# Other Aquarium Forums > Marine Tanks >  newbie question: Saltwater from LS or self mix?

## daoism

hi all i am thinking of starting a pico reef tank with IQ3. am still reading up on the basics of doing a marine tank, but may i know what's best for local marine fishes?

----------


## benjamin216

I think Aquastar at yishun got sell. Else go seaside take, my father used to do that.

----------


## BFG

None of the live stock are local but imported in from various countries.

----------


## stormhawk

My advice is to read up more on Google, or get a guide book to reef tanks, before you decide to take the plunge into the marine hobby. Compatibility of species, size, etc, is all paramount in making your choice of livestock. If you are starting a pico tank, then perhaps you can try and keep marine cleaner shrimps instead. An all-invert tank is very interesting to watch at times.  :Very Happy:

----------


## xaine

For starters, doing a marine pico tank is a uphill task and requires alot of effort. 

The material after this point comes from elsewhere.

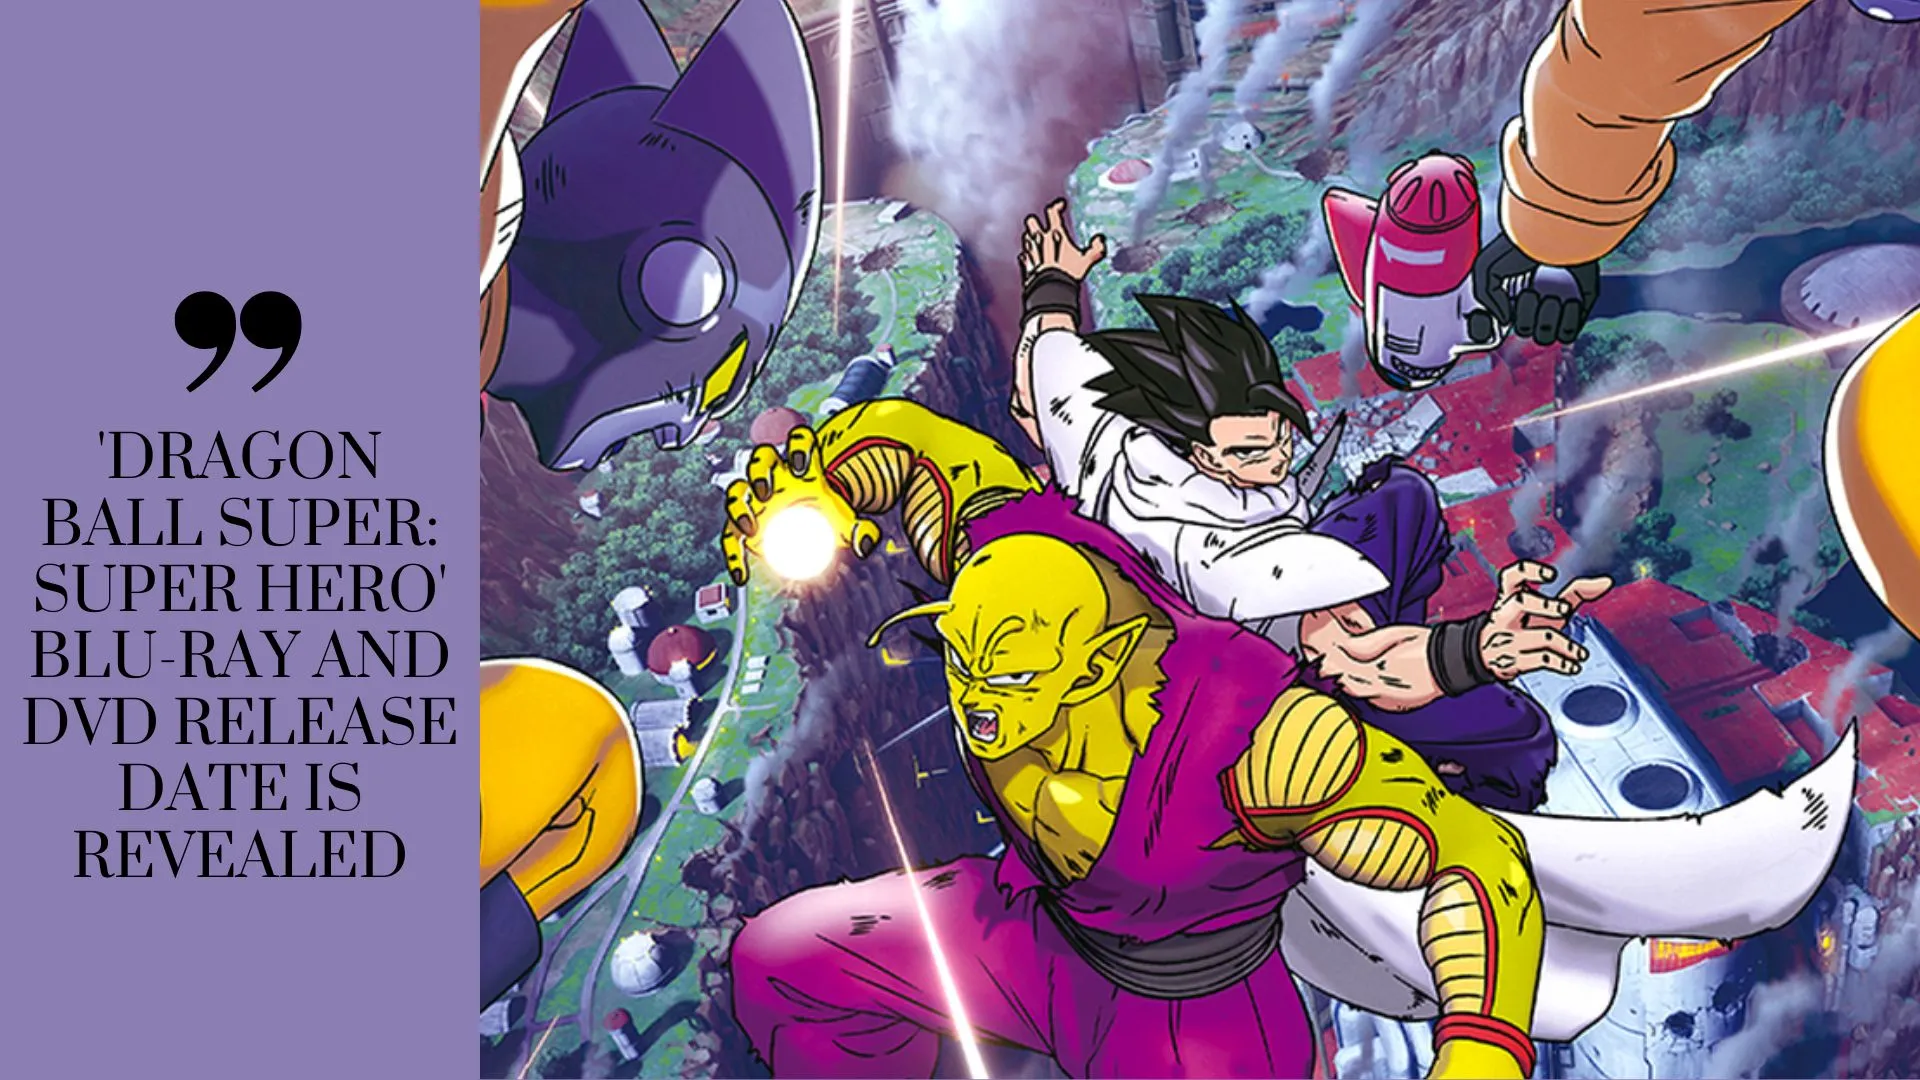 'Dragon Ball Super: Super Hero' Blu-Ray and DVD Release Date is revealed (Image credit: collider)

As to answer your question.
Unless you have a storage space for the natural seawater (as they normally sells by 10L), the iq3 is about 8-9L, you might consider using salt mix.

As the iq3 is really small, I don't think a decent protein skimmer can fit in the overflow compartment, a frequent water change is necessary.

----------


## spkentchai

External skimmer is more likely to solve the slimmer prob

----------


## kominato

Salt mix is cleaner, less polluted etc. I have personally seen trucks sucking sea water from overhead bridge along ECP. I looked at the water below and was quite horrified. Since then I went for salt mix.

----------


## midniteguy

i personally mix my own salt water back then. but must careful as will make floor sticky.

----------


## Noobz

Sorry for asking a noobie question but what the mixing ratio if using salt mix?

----------


## BFG

No ratio. You need a refractometer to read the correct salinity level.

----------


## Noobz

> No ratio. You need a refractometer to read the correct salinity level.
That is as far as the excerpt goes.